Weatherford's (left to right, top to bottom) Reciprocating Rod, Gas Lift, Plunger, and Hydraulic lift systems; Electric Submersible Pumping System, and Progressing Cavity Pumping System. Courtesy: Weatherford.

New technology
But thanks to modern hardware, telemetry and software, operators today, says Broussard, can check many more wells per hour than they could once diagnose per day. "With the proper software and the electronics on the well site you can get dynacards all day long and look at 300 in a matter of an hour or so," he said. "A skilled technician can go right through them and zip right by the ones that are very normal looking. When he gets to something that looks abnormal a trained eye would know to stop [going through the cards]." And when the abnormal card is recognized it can be more closely analyzed and a solution devised without wasting an inordinate amount of technician time on performing units.

And with some additional tools, even a less-experienced technician can handle much of the job. "There is also software available today that have an auto analysis tool that will actually do an automatic comparison of a card to a database of cards and it will generate an opinion as to what is taking place in that well," Broussard said. "So even an unskilled technician relying on the software to tell him what the well is doing can go through the wells pretty quickly."

The monitors and software packages currently available make much more information available to the operator than was attainable from the old dynacards. Controllers and monitors on the unit relay, in real time, the performance of both the unit and the well. "The data is much more advanced than a [dynacard]," Broussard said. "The information is relayed to a software system that would include stronger analytical tools for the customer to evaluate in real time the performance of the pumping unit. It is structured to do that in a time-efficient manner." The software could be configured, as one facet of its analysis, to develop a dynagraph from the data and then to compare that to older cards stored in memory to add to the historical track record of the well.

When problems are discovered with the pumping unit using modern software, they are usually such that the solution is suggested immediately by the data. For instance, if the data suggests a valve is leaking, the only decision is to live with the lost production or to "pull the well", that is do a workover to replace the offending part. Or if the unit is out of balance, it is a matter of moving counterweights, or if it is pumping off too quickly the solution is to either slow the unit or allow it longer down time between pumping cycles.

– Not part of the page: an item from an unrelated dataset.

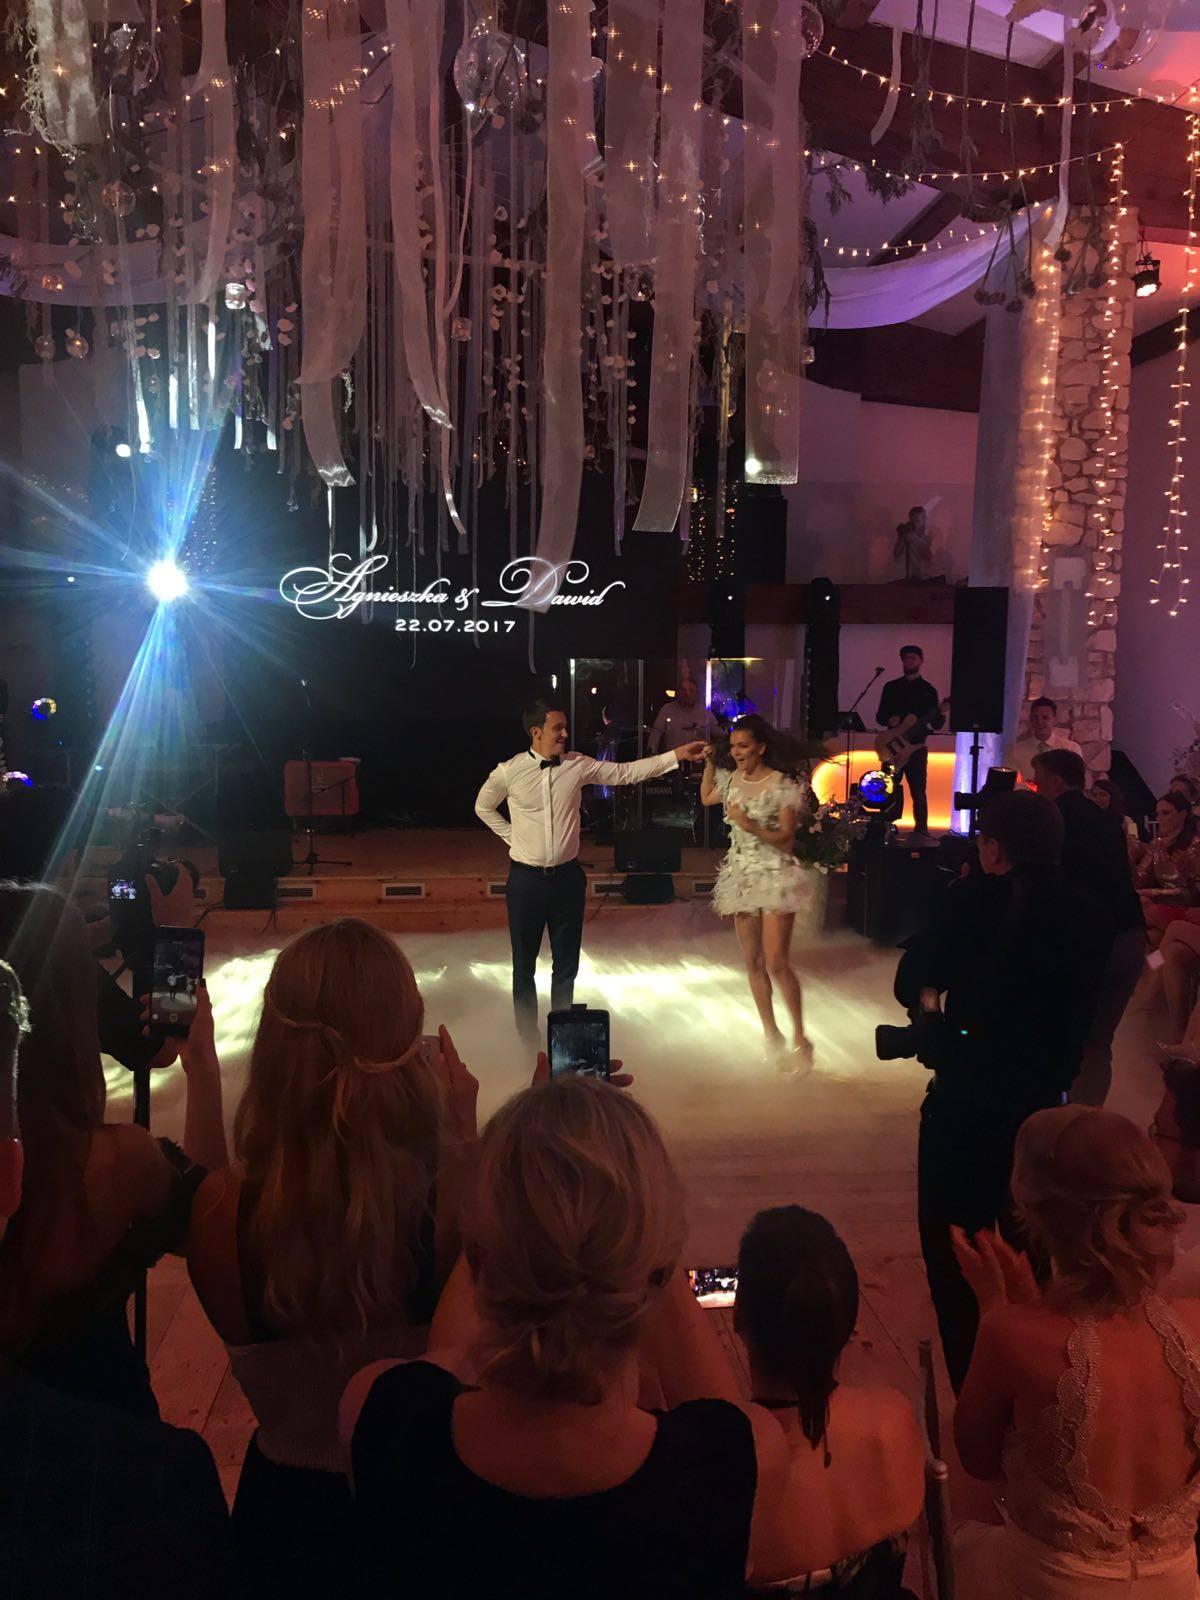 Pierwszy Taniec Radwańskiej I Celta Nowe Zdjęcia Z Wesela Super

But in some instances the solution can be automatic. If an operator does not wish to have the well not pumped completely dry before allowing more fluid to enter the well bore (pumped off), for instance, the pumping unit can be controlled by software settings. "Specifically, in that case, the rod pump controller is not functioning on time, but on fluid level," explained Broussard. "If it took three hours to pump it off the first time that is not really bearing on the next time. Now there are other ways to pump a well where you can actually put devices on the well that will adjust the speed of the unit to maintain a minimum fluid height. You essentially try not to pump off. You just slow the unit."

Smart well technology is of particular importance to the US where a very large portion oil is produced from thousands of stripper wells producing less than 10 b/d. Many of those wells have reached such a depleted pressure state that once they are shut in they can never be economically restarted and the majority of them are being kept alive by pump jacks. By improving pump efficiencies without adding significantly to operating costs, smart well technology stands to extend by years the economic life of many of these wells and, by extension, add millions of bbl of oil to US reserves.